Part 018 — Server State and Cache Architecture

Tujuan Pembelajaran

Part 017 membahas global client state. Sekarang kita fokus pada kategori yang sering salah dimasukkan ke global store: server state.

Server state adalah data yang source of truth-nya berada di backend.

Contoh:

• case detail,
• case list,
• user profile,
• permissions,
• audit timeline,
• notification count,
• reference data,
• report results,
• search results,
• dashboard metrics.

Server state berbeda dari client state karena:

• bisa stale,
• bisa gagal di-fetch,
• bisa di-refetch,
• bisa di-cache,
• bisa di-invalidate,
• bisa di-update oleh user lain,
• bisa dipengaruhi permission,
• bisa berubah tanpa React tahu,
• memiliki lifecycle network,
• memiliki concurrency risk.

Part ini membahas server-state cache sebagai distributed data synchronization problem, bukan sekadar fetch().

1. Server State Mental Model

Client tidak memiliki server state. Client memiliki snapshot/cache dari server state.

Important:

Server state in frontend is a synchronized copy, not authority.

2. Server State vs Client State

Do not treat server state like local useState unless trivial.

3. Why Manual useEffect Fetching Breaks Down

Demo:

function CaseDetail({ caseId }: { caseId: string }) {
  const [data, setData] = useState<CaseDetail | null>(null);
  const [loading, setLoading] = useState(false);
  const [error, setError] = useState<Error | null>(null);

  useEffect(() => {
    setLoading(true);

    fetch(`/api/cases/${caseId}`)
      .then((response) => response.json())
      .then(setData)
      .catch(setError)
      .finally(() => setLoading(false));
  }, [caseId]);

  // ...
}

Problems:

• race condition,
• duplicate requests,
• no cache reuse,
• no stale/fresh semantics,
• no background refetch,
• no retry policy,
• no pagination model,
• no mutation invalidation,
• no optimistic update,
• no garbage collection,
• no SSR hydration,
• no offline/reconnect handling,
• inconsistent error normalization,
• repeated boilerplate everywhere.

Manual effect can work for small one-off browser synchronization. It is not a scalable server-state architecture.
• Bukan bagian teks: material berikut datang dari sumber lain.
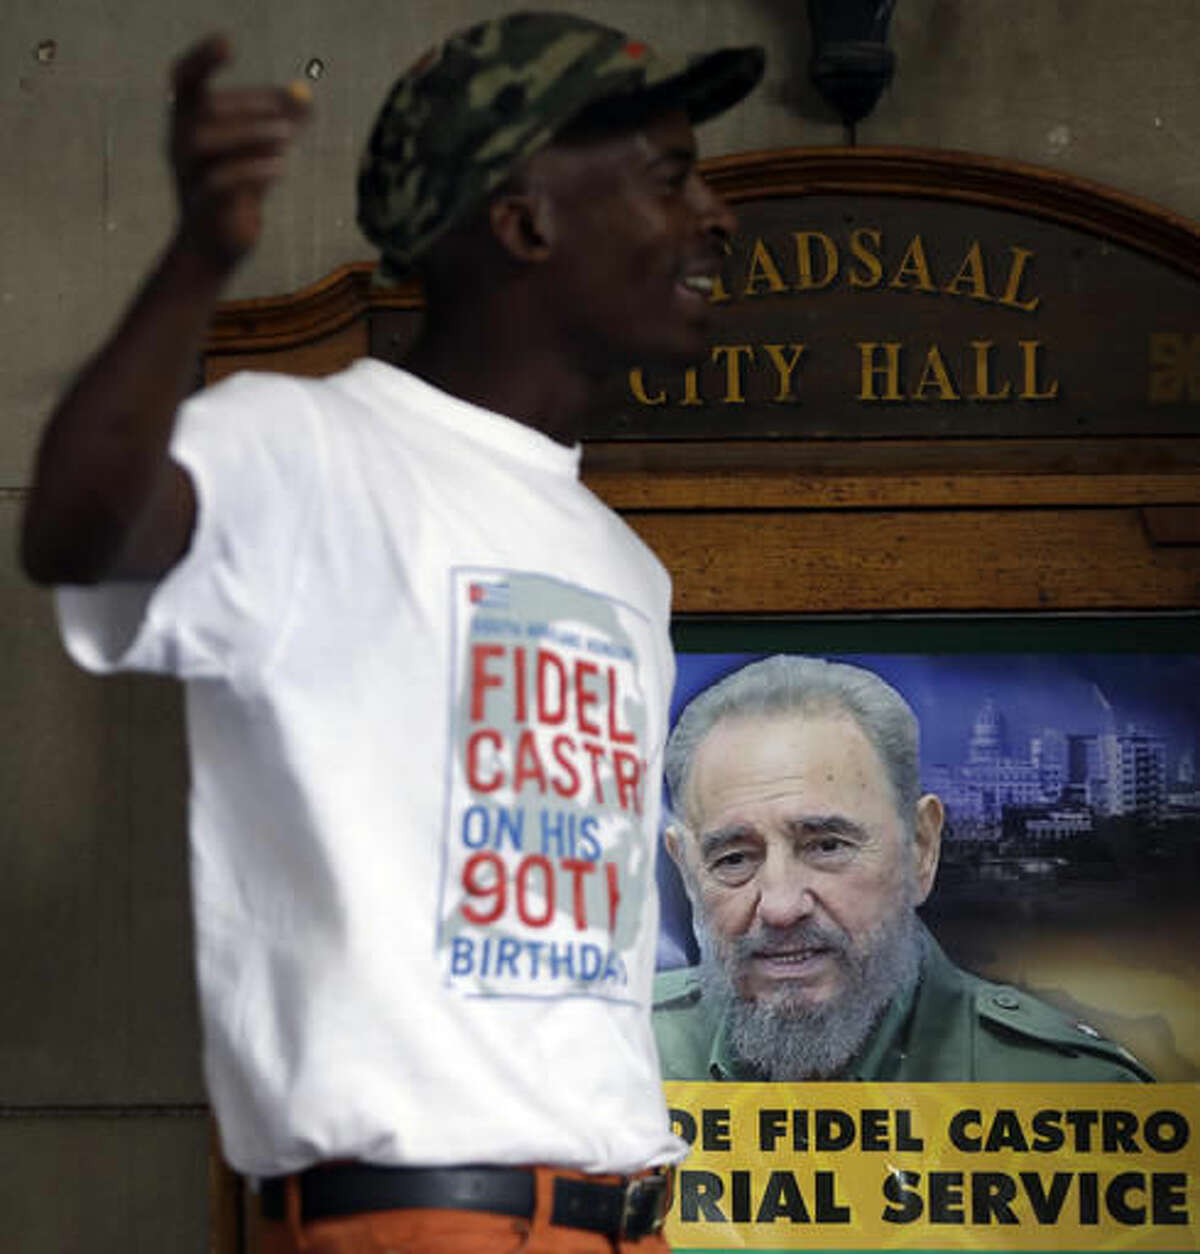 A man stands outside the venue hosting the memorial service for the late Cuban revolutionary leader Fidel Castro in Johannesburg, South AfricaWednesday, Nov. 30, 2016. Castro, who led a rebel army to improbable victory, embraced Soviet-style communism and defied the power of 10 U.S. presidents during his half century rule of Cuba, died Friday at age 90. (AP Photo/Themba Hadebe)

4. Server-State Responsibilities

A production server-state layer handles:

1. query identity,
2. cache storage,
3. stale/fresh policy,
4. deduplication,
5. retry policy,
6. request cancellation,
7. background refetch,
8. pagination/infinite loading,
9. mutation lifecycle,
10. optimistic update,
11. invalidation,
12. cache garbage collection,
13. SSR/RSC hydration,
14. offline/reconnect,
15. error normalization,
16. devtools/debugging,
17. test/mocking strategy.

This is why TanStack Query, RTK Query, Apollo, Relay, SWR, route loaders, and RSC data layers exist.

5. Query Key Design

Query key is cache identity.

const caseKeys = {
  all: ["cases"] as const,
  list: (filters: CaseFilters) => [...caseKeys.all, "list", filters] as const,
  detail: (caseId: string) => [...caseKeys.all, "detail", caseId] as const,
  timeline: (caseId: string) => [...caseKeys.detail(caseId), "timeline"] as const,
};

Good query keys:

• include all variables that affect result,
• stable and serializable,
• hierarchical,
• reusable for invalidation,
• typed,
• centralized.

Bad:

useQuery({
  queryKey: ["cases"],
  queryFn: () => getCases(filters),
});

If filters change but key doesn't, cache returns wrong data.

Also bad:

queryKey: ["cases", Math.random()]

No cache reuse.

6. URL State and Query Keys

For list pages, query keys should derive from parsed URL state.

const [filters] = useCaseFiltersUrlState();

const query = useQuery({
  queryKey: caseKeys.list(filters),
  queryFn: () => caseApi.getCases(filters),
});

Flow:

The parsed filter object should normalize defaults.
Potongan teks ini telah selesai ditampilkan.